John Gray (1817–1872) was a Roman Catholic bishop who served as the Vicar Apostolic of the Western District of Scotland.

Born in Buckie, Moray on 16 June 1817, he was the son of William Gray and Joanna Gray (née Scott). He entered the Scots College in Rome on 30 September 1838, and took the oath on 25 March 1839. He was ordained a subdeacon on 27 March 1841, a deacon on 10 April 1841, and a priest on 1 May 1841. He left the Scots College for the mission in Scotland on 17 April 1843.

He was appointed the Coadjutor Vicar Apostolic of the Western District and Titular Bishop of Ipsus by the Holy See on 6 May 1862, and  consecrated to the Episcopate at St Andrew's Cathedral, Glasgow on 19 October 1862. The principal consecrator was David Moriarty, Bishop of Ardfert and Aghadoe, and the principal co-consecrators were Bishop James Kyle and Bishop John Murdoch.
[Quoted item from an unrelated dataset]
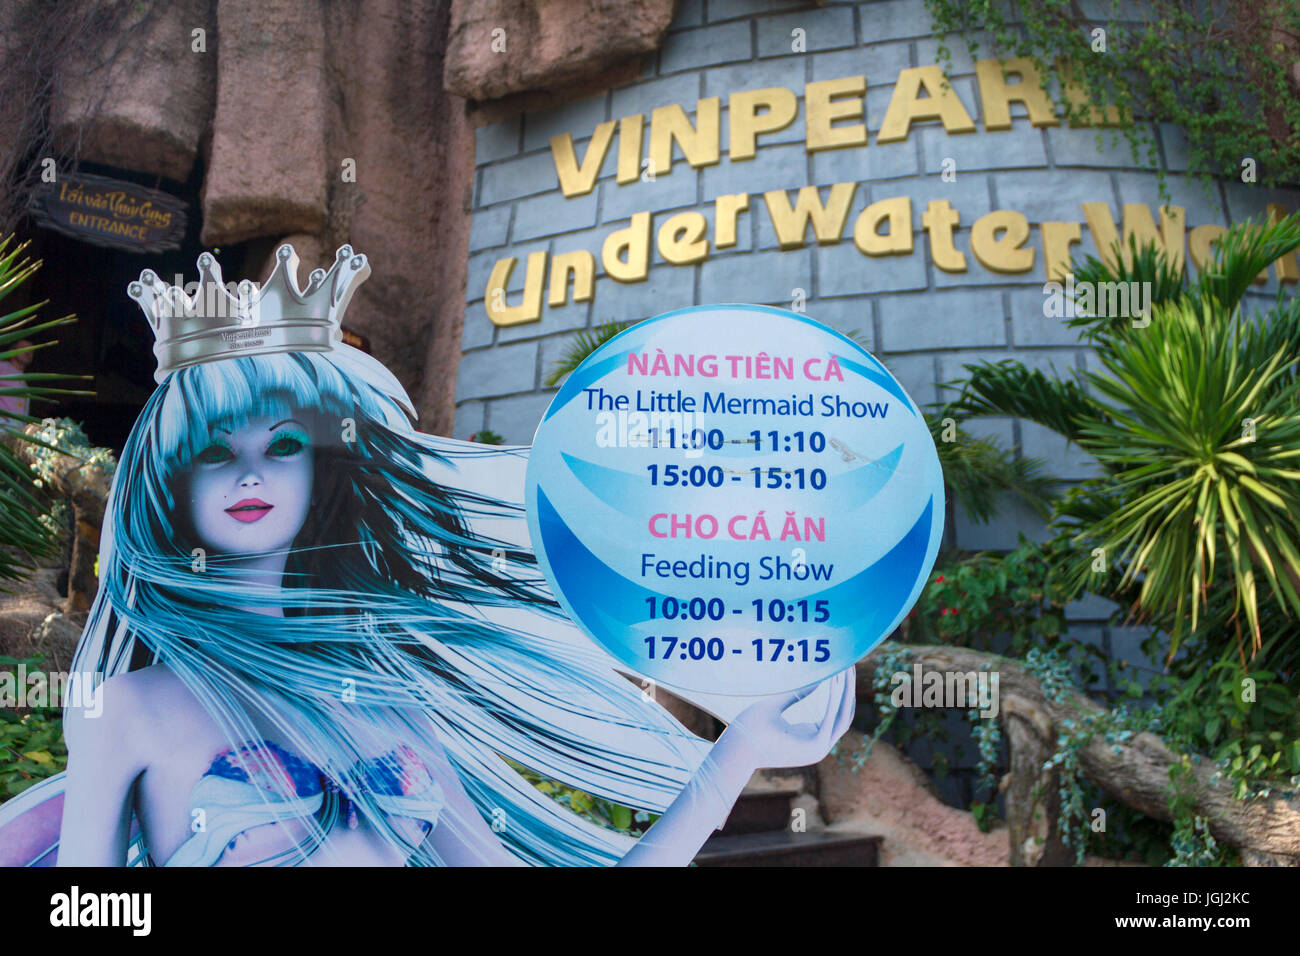 VINPEARL RESORT, NHA TRANG, VIETNAM, MARCH 5, 2016 - Vinpearl UnderWaterWorld entrance decoration. - Stock Image

On the death of Bishop John Murdoch on 15 December 1865, he automatically succeeded as the Vicar Apostolic of the Western District. The following year, James Lynch was appointed Coadjutor Vicar Apostolic to Bishop Gray on 31 August 1866.

Bishop Gray resigned as Vicar Apostolic of the Western District on 4 March 1869. However, he was not succeeded by Bishop Lynch, who was relieved of his Scottish coadjutorship on 4 April 1869 and translated to the coadjutorship of Kildare and Leighlin in Ireland on 13 April 1869, and eventually succeeded as bishop of that diocese on 5 March 1888. Instead, Bishop Gray was succeeded by Archbishop Charles Petre Eyre, who was appointed Apostolic Administrator of the Western District on 16 April 1869.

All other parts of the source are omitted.